Old Boots
Old Shoes is a sculpture located in Cartagena, Colombia, also known as Old Boots. It was created in honour of Colombian poet Luis Carlos López, who in his poem A mi ciudad nativa evoked the affection he felt for his hometown, Cartagena, by comparing it to a pair of old shoes.
''To My Native City''
Noble corner of my forebears: nothing
like recalling, wandering through alleyways,
the times of the cross and the sword,
the smoky lamp and sulphur matches.
For gone is, walled city,
your feuilleton age. The caravels
have left your harbour forever—
no more does the oil arrive in earthen jars.
Heroic you were in colonial times,
when your sons, majestic eagles,
were not yet a rabble of swifts.
Yet today, laden with musty decay,
you can still inspire that affection
one feels for one’s worn old shoes.
—Luis Carlos López
History
In 1954, sculptor Tito Lombana proposed to the mayor of Cartagena, Vicente Martínez Martelo, to pay tribute to poet Luis Carlos López and conceived the idea of designing large, worn-looking shoes made of cement, wire and iron.The sculpture was erected amid strong controversy: from its announcement in 1957 it was branded as an "eyesore" and "disrespectful" for departing from traditional monumental aesthetics, making it an example of an anti-monument, similar to the cases of Rodin and Rosso.

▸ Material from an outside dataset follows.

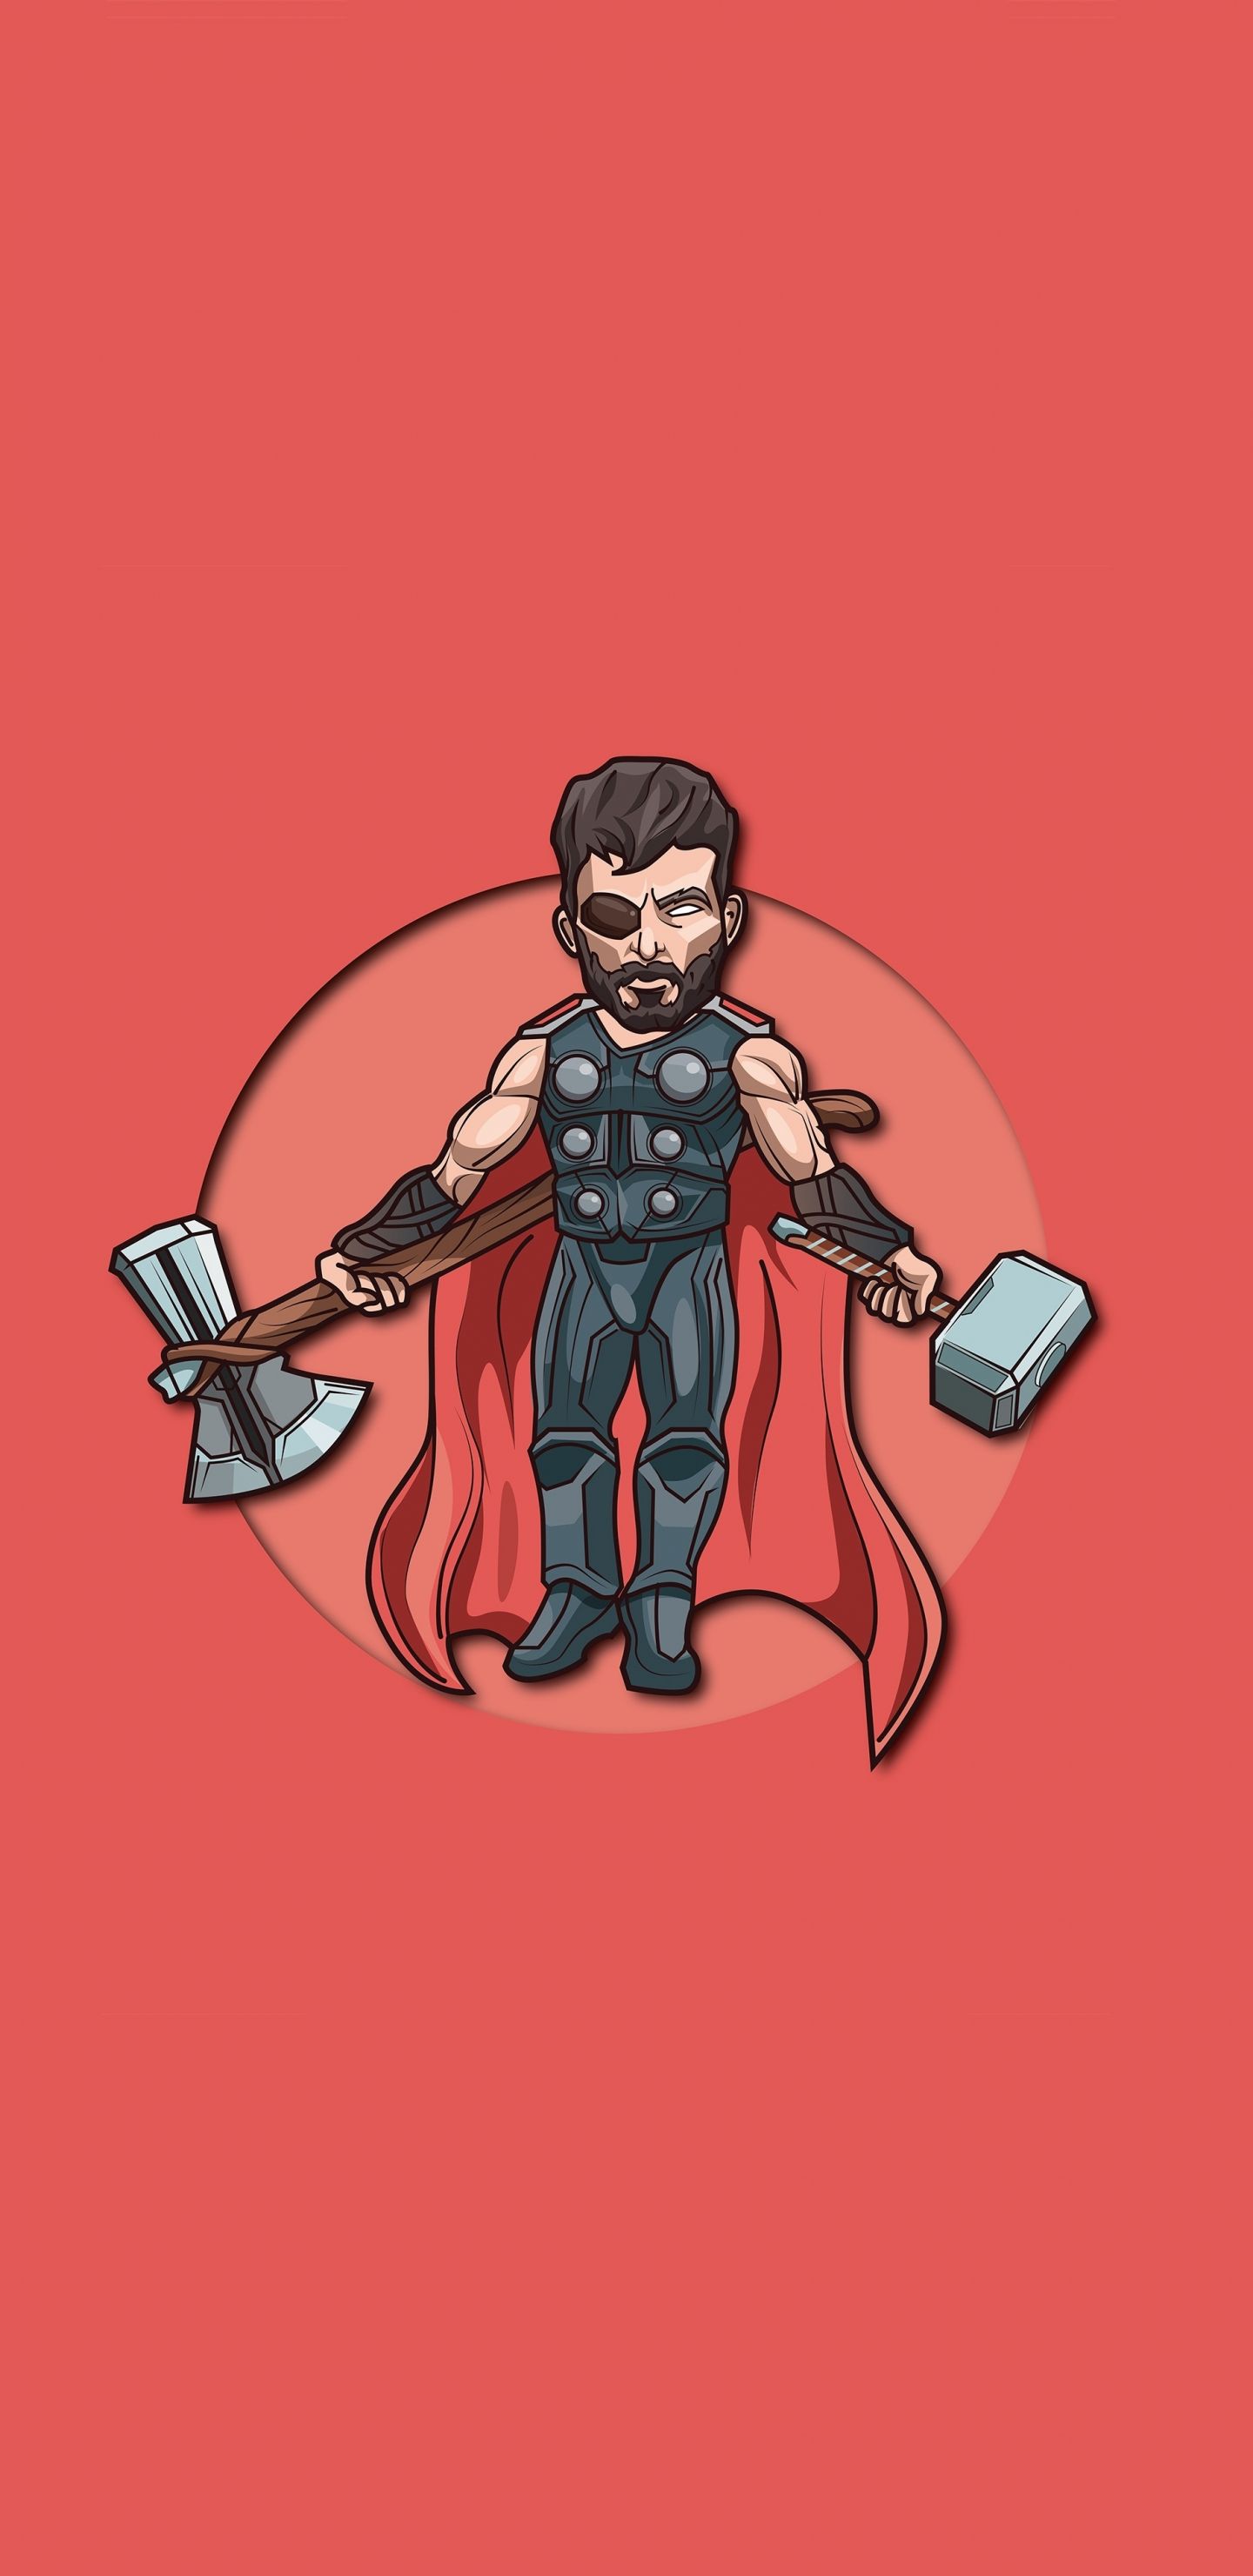 Thor, the mighty Avenger, with his hammer and cape - Thor
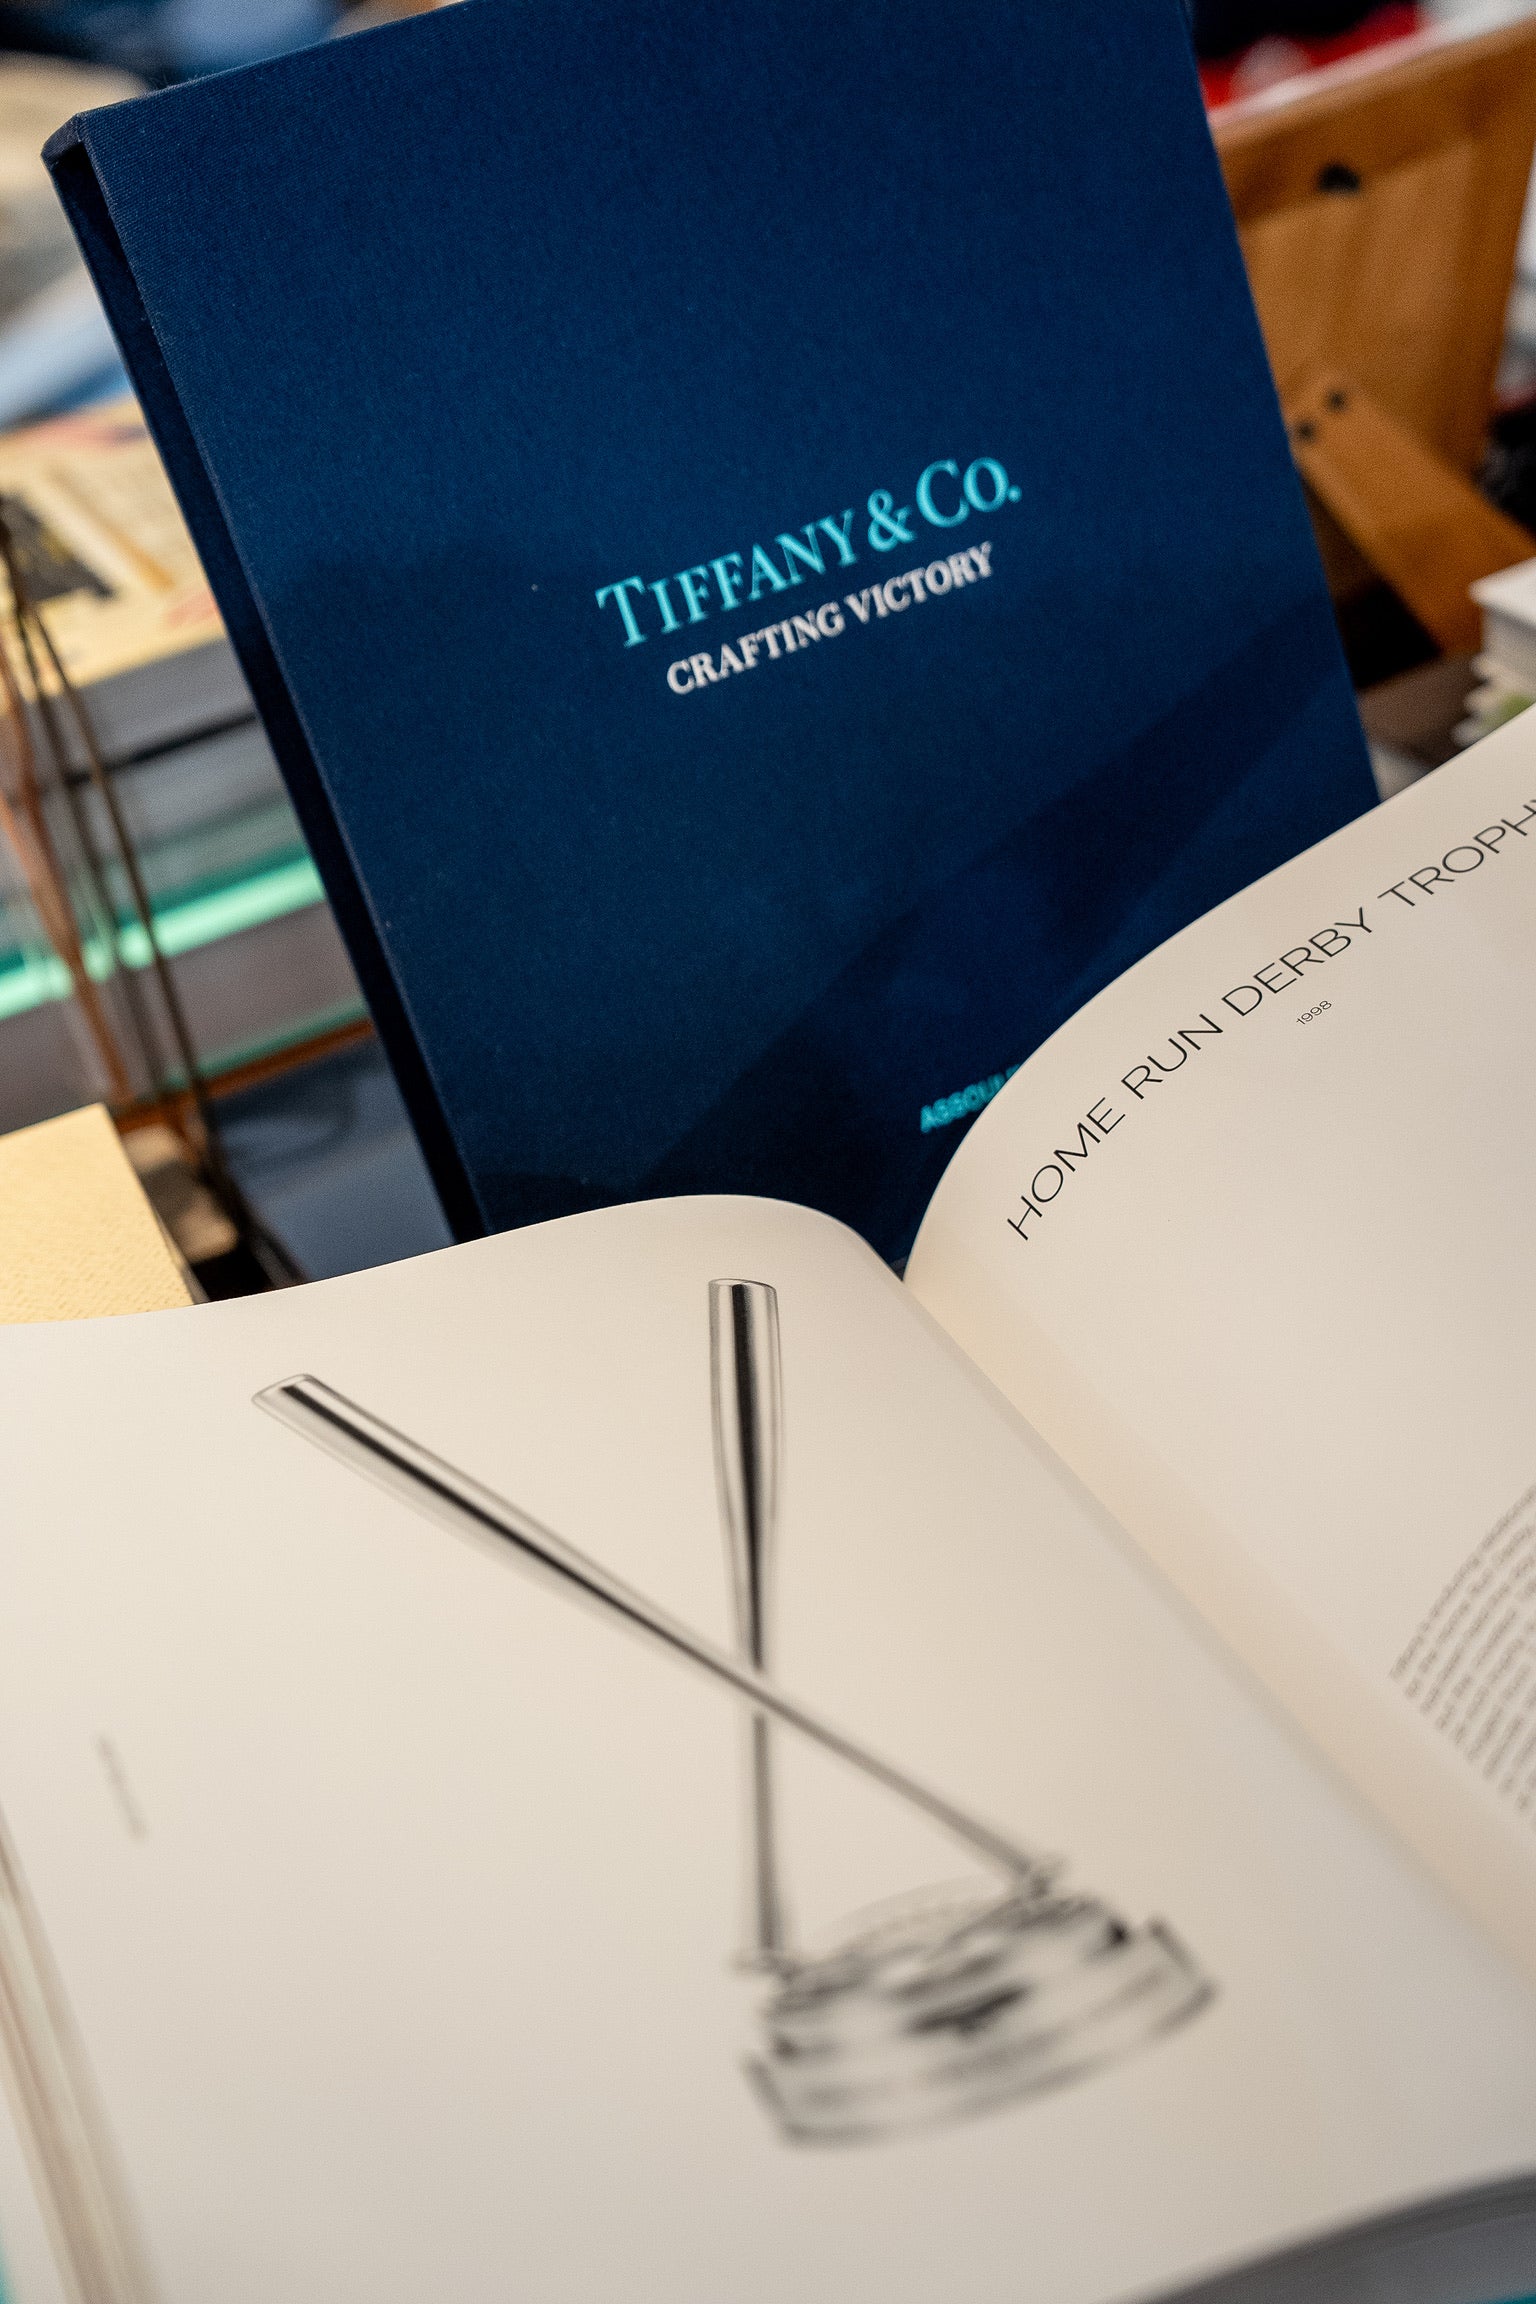 Tiffany & Co.: Crafting Victory

The work, far from exalting a hero or historical event, showed the everyday and banal, generating rejection for its anti-aesthetic and prosaic character. However, this destructive criticism, amplified by the press and public opinion, turned out to be the trigger that allowed the piece to be legitimised over time, transforming into a modern symbol of the city.
Despite the negative reception from the public, poet Héctor Rojas Herazo gave a speech with which he invited citizens to give the work a different perspective:
These cement shoes have been a cause of bewilderment. And this is explained because this is a country where we like to play the hero of the public square: one statue begets another. We like to play at the seriousness of marble and the seriousness of bronze. We like to play the gentleman with moustaches and the operatic arrogance that confronts us on an avenue atop a plinth of fake stone. This has been and will continue to be the nation of statues.
Well then, these shoes are the negation of the statue. And, by a strange paradox, Luis Carlos López is here, is more alive in these desolate stones than if his effigy stood upright before this block of wall and before this piece of sea. Because these shoes that today rest on this pedestal are all of our shoes. The shoes that we have all worn and that have the mould of our walking and have suffered in a stretch of our existence the misfortune of our step, those that wait for us in the morning as if they were fragile friends or vessels of our blood.
With these shoes, the statue of all human shoes, we have suffered and we have loved. And with them, aboard them, we have met a woman, greeted a friend and we have gone to a hospital, to a house of pleasure, to a temple or to a cemetery.
Héctor Rojas Herazo.
The sculpture remained in the city for 37 years until, in 1994, due to the construction of an avenue, its relocation was decided. However, due to its advanced state of deterioration, it could not be restored, so sculptor Héctor Lombana, Tito's brother, chose to demolish it and create a bronze replica, which constitutes the currently known sculpture. The new work was located at Pie Del Cerro, behind the Castillo San Felipe de Barajas.
There is also another replica of the work at Coral Gables Plaza, Florida, which was a gift from the city of Cartagena.